Benjamin Thomas Stoeger

Personal information
- Nationality: American
- Occupations: IPSC shooter, firearms instructor
- Website: benstoeger.com

Sport
- Team: Team Tanfoglio

Medal record
IPSC
Representing United States
IPSC Handgun World Shoot
| Silver medal – second place | 2011 Rhodes | Production |
| Bronze medal – third place | 2014 Frostproof | Production |
| Gold medal – first place | 2017 Châteauroux | Production |
IPSC US Handgun Championship
| Silver medal – second place | 2009 | Production |
| Silver medal – second place | 2011 Columbia | Production |
| Gold medal – first place | 2012 Frostproof | Production |
| Gold medal – first place | 2013 Frostproof | Production |
| Gold medal – first place | 2015 Frostproof | Production |
| Silver medal – second place | 2016 Frostproof | Production |

= Ben Stoeger =

American sport shooter and firearms instructor

Benjamin Thomas Stoeger is an American competition shooter and firearms instructor who started competing actively in 2005. He placed first in the 2017 IPSC Handgun World Shoot, second behind Bob Vogel in the 2011 IPSC Handgun World Shoot, and placed third in the 2014 IPSC Handgun World Shoot behind Eric Grauffel and Simon "JJ" Racaza.

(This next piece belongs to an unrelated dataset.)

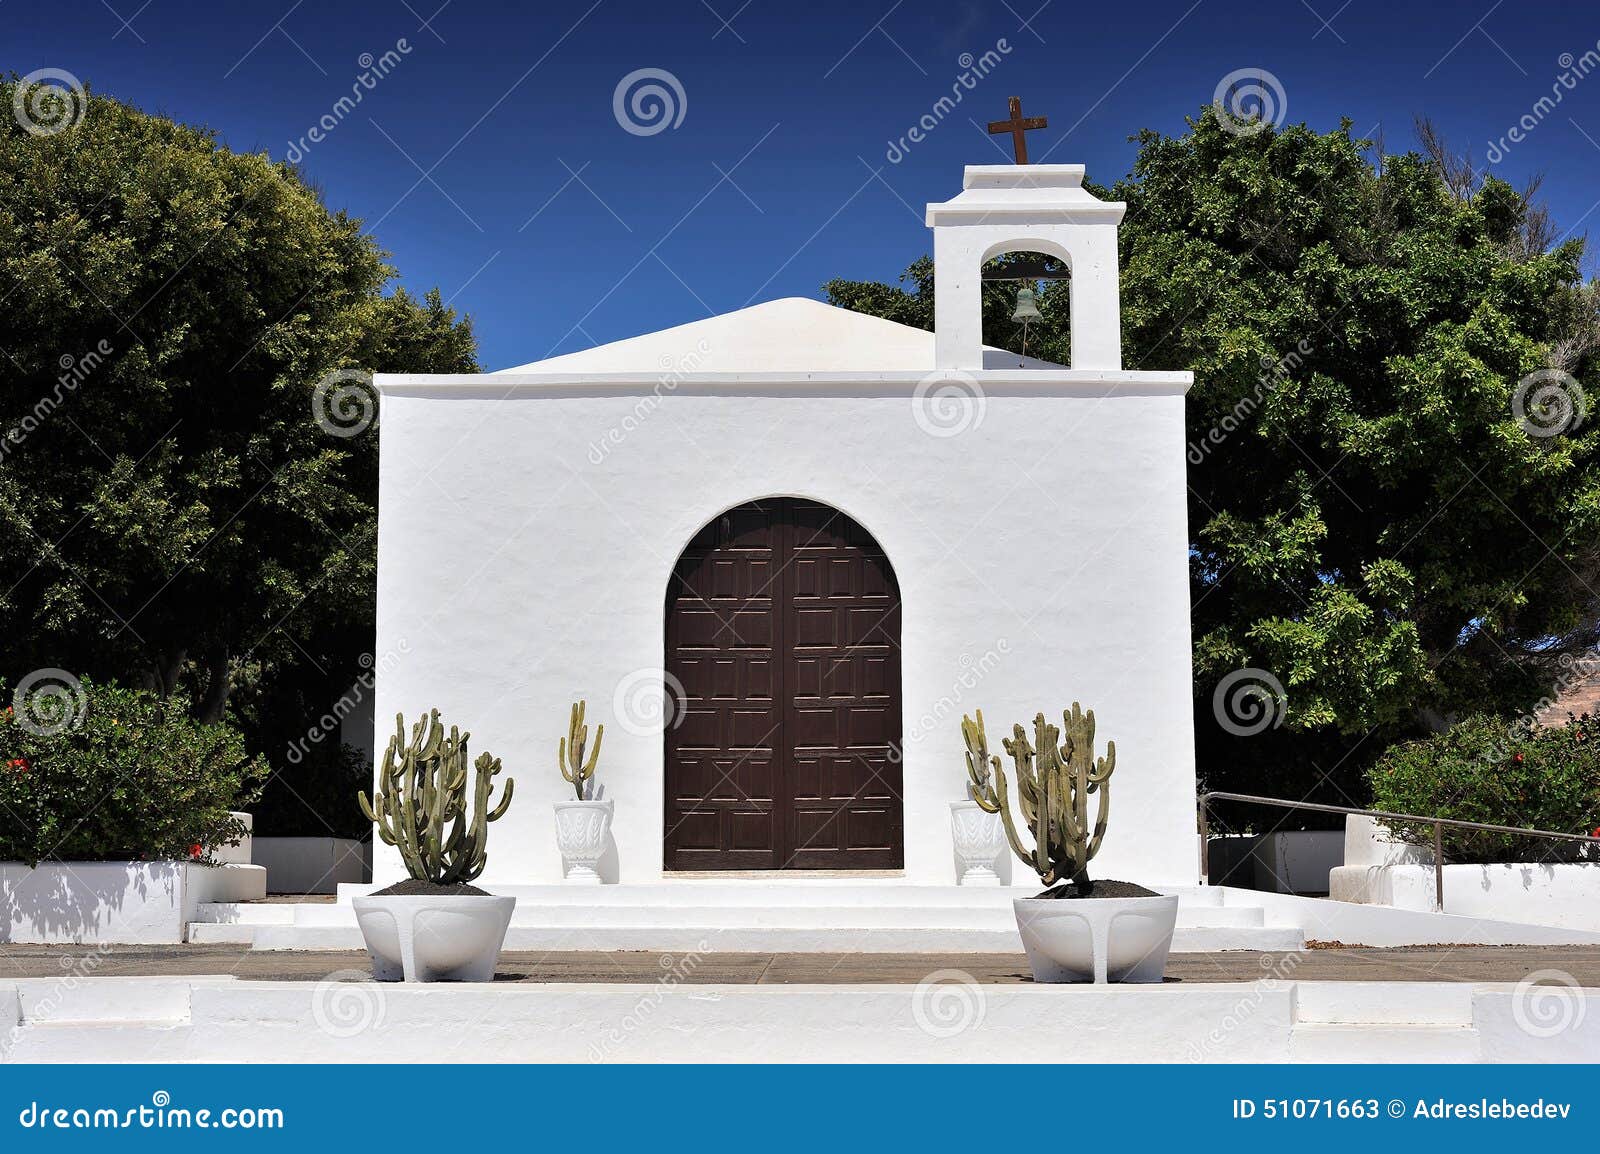 church of nuestra senora del carmen, arrieta, lanzarote island,

He is also three time IPSC US Handgun Production Champion (2012, 2013 and 2015), eight time USPSA Handgun Production Champion (2011, 2012, 2013, 2014, 2015, 2017, 2018, and 2019).

== Associations ==
At Ben Stoeger's personal website benstoeger.com he includes his views and tips about how to shoot the Action Shooting sports of IPSC and USPSA, and some of the latest competition gear for those sports.

Practical Shooting After Dark is a podcast featuring Stoeger and other USPSA competitors discussing the sport.

Practical Shooting Training Group is an online coaching platform for USPSA/IPSC Practical Shooting created by Stoeger and fellow competitor Hwansik Kim. The site contains drills with video explanations and written diagrams, training video, and a venue to get feedback on student-submitted video
. Stoeger also teaches with Joel Park, XA Matt Pranka and Velox Nick Young.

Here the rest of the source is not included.